§ Exercise data:
+===+
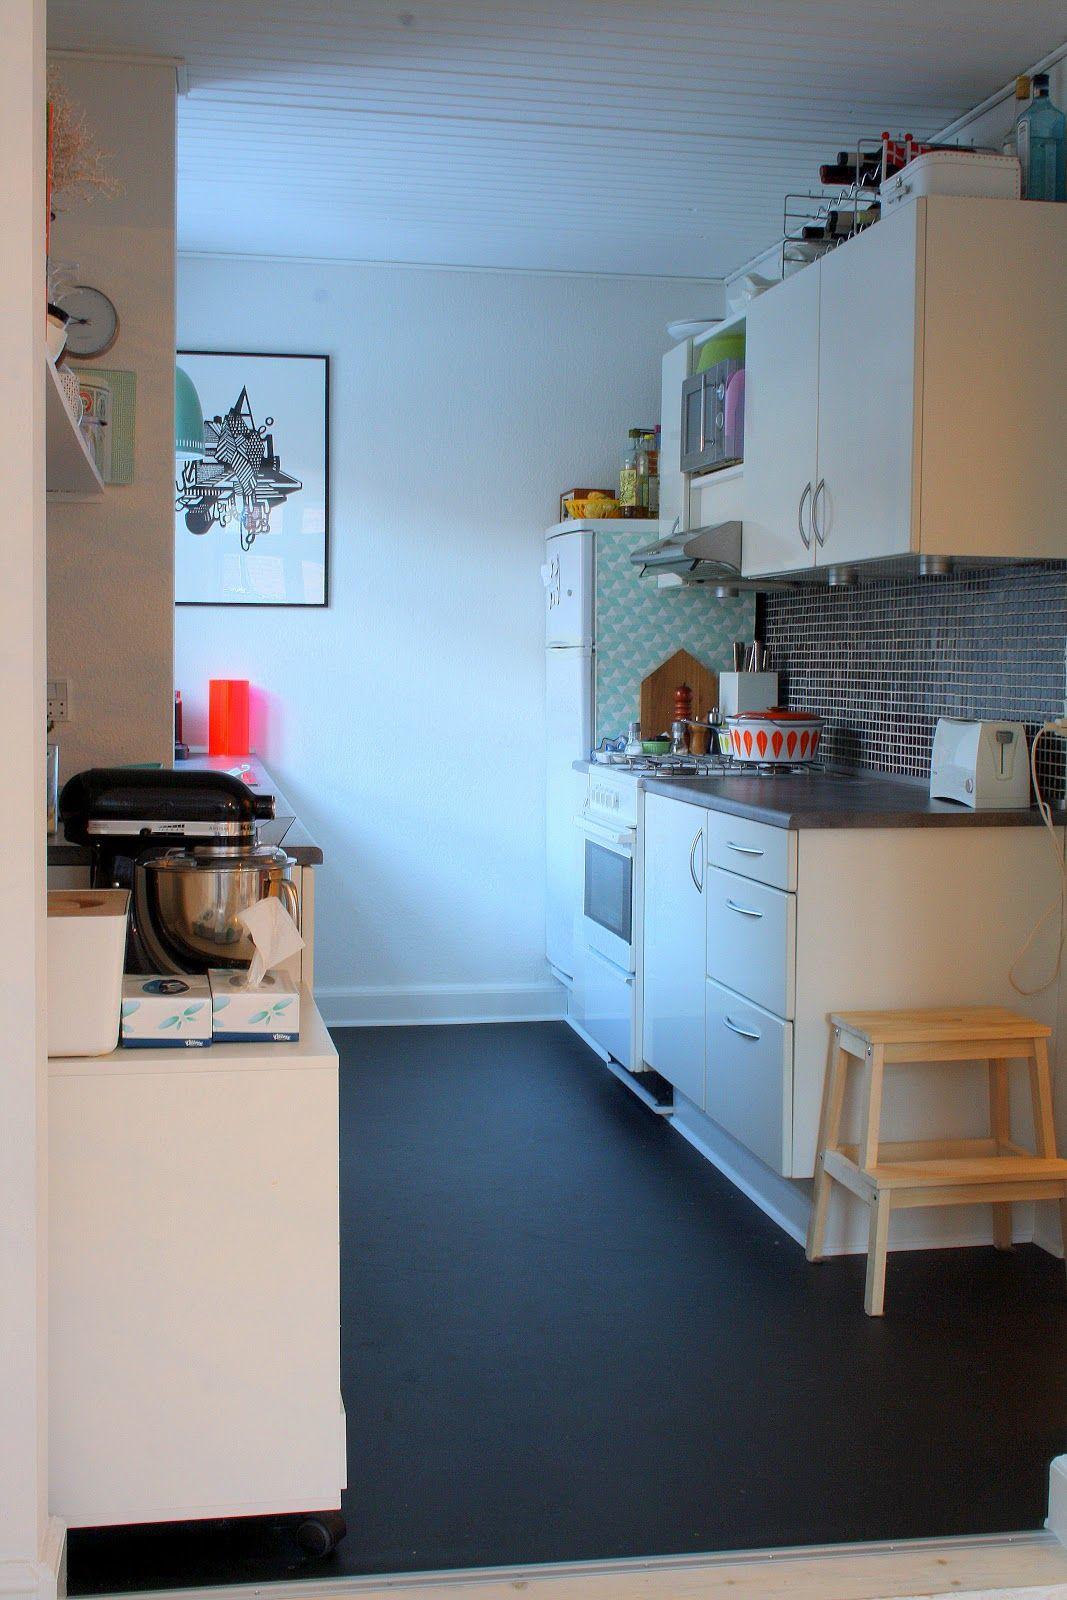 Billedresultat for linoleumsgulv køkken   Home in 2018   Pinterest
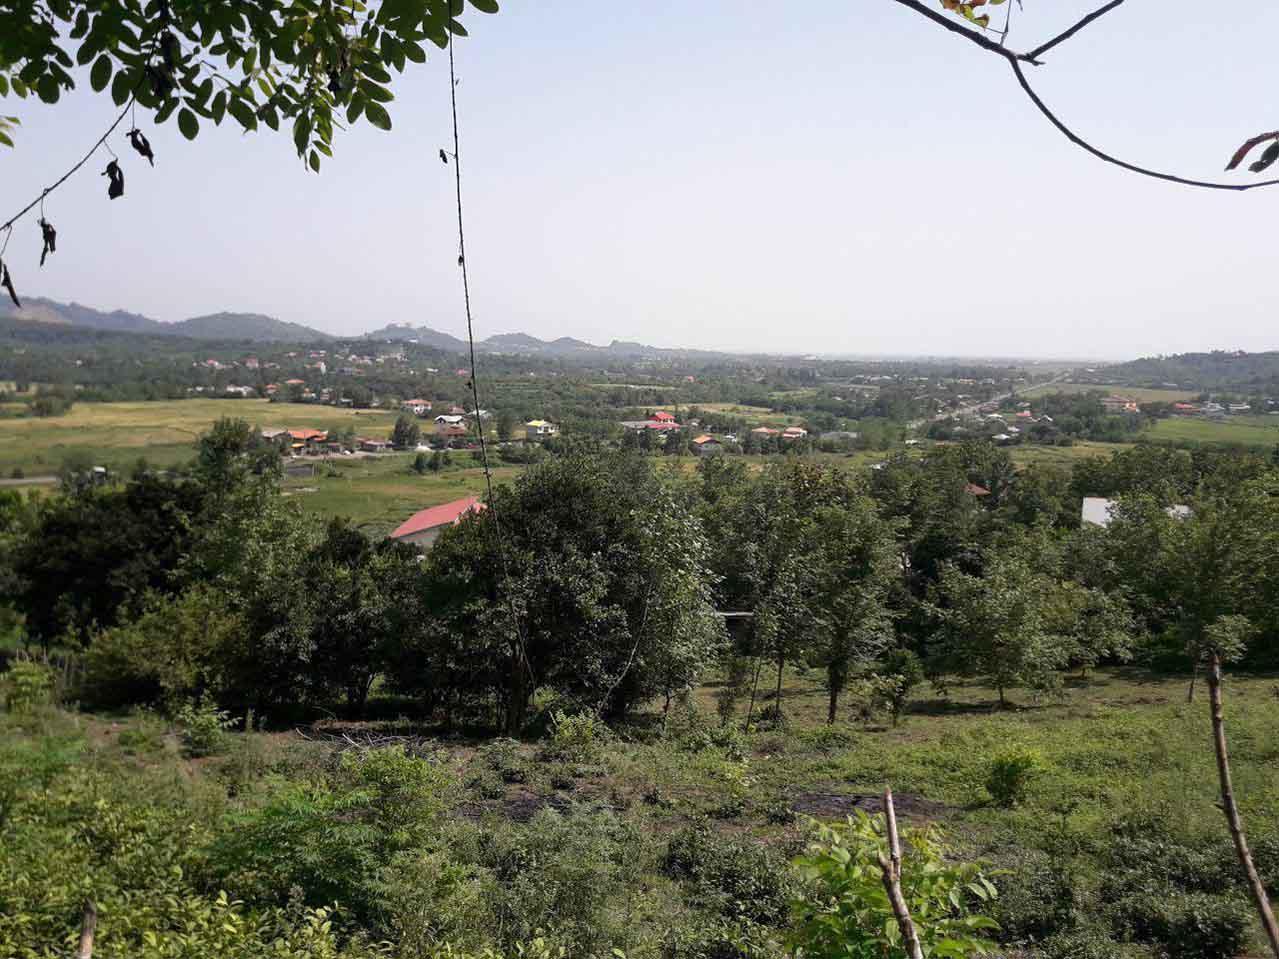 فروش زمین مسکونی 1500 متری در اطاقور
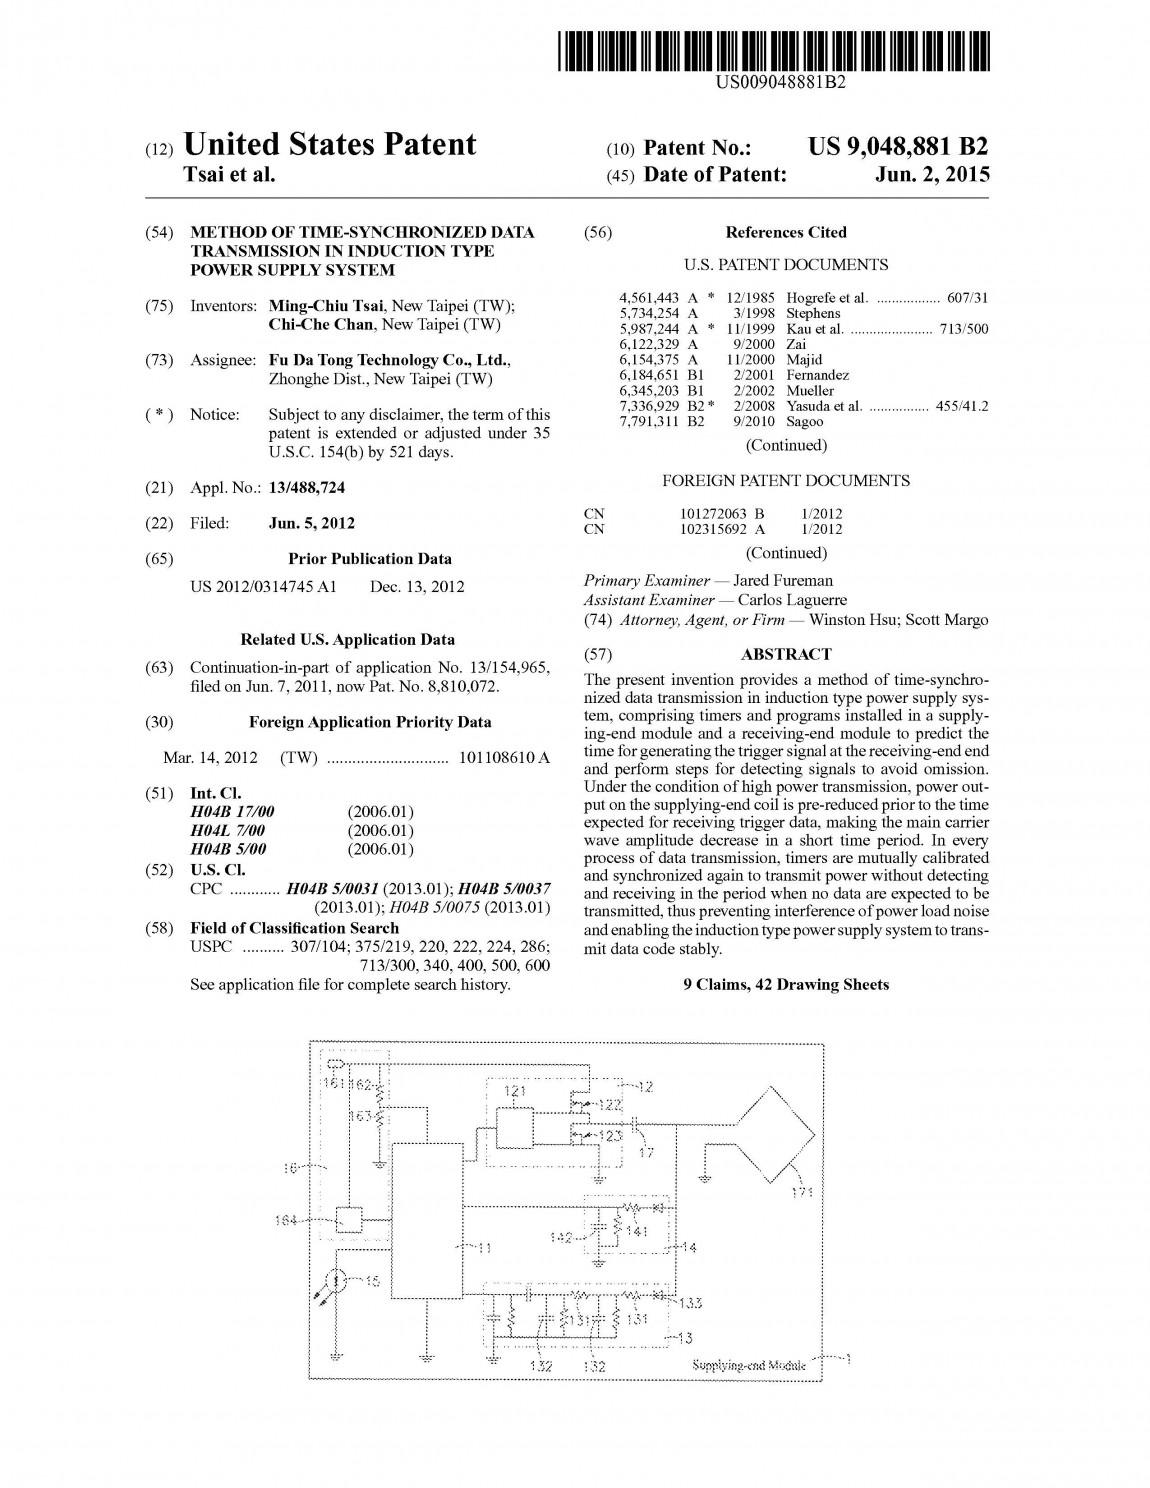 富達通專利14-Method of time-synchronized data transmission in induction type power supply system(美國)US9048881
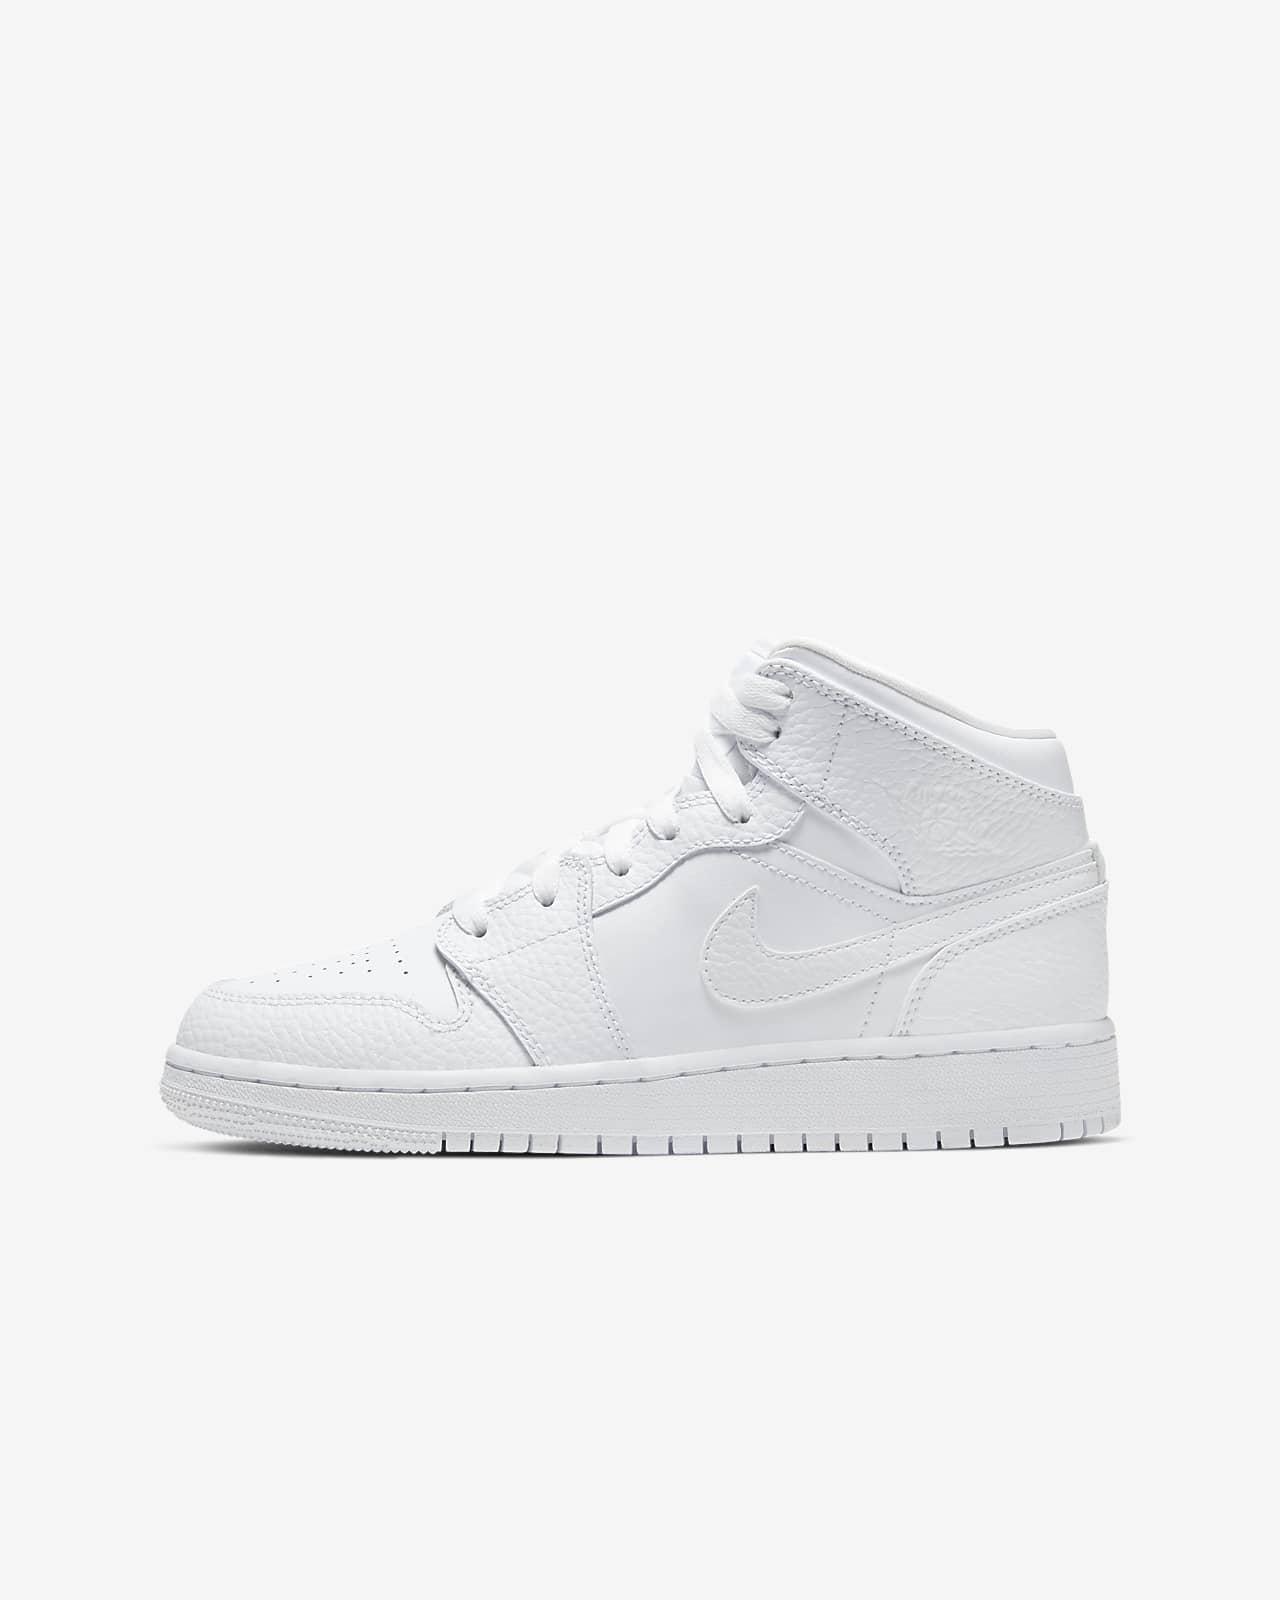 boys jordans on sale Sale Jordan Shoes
+===+
§ Exercise instructions:
All that belongs in the answer is the exact run of lines from the line containing "فروش زمین مسکونی 1500 متری در اطاقور" to the end of the listing above, pictures removed.

§ Worked solution:
 فروش زمین مسکونی 1500 متری در اطاقور
 富達通專利14-Method of time-synchronized data transmission in induction type power supply system(美國)US9048881
 boys jordans on sale Sale Jordan Shoes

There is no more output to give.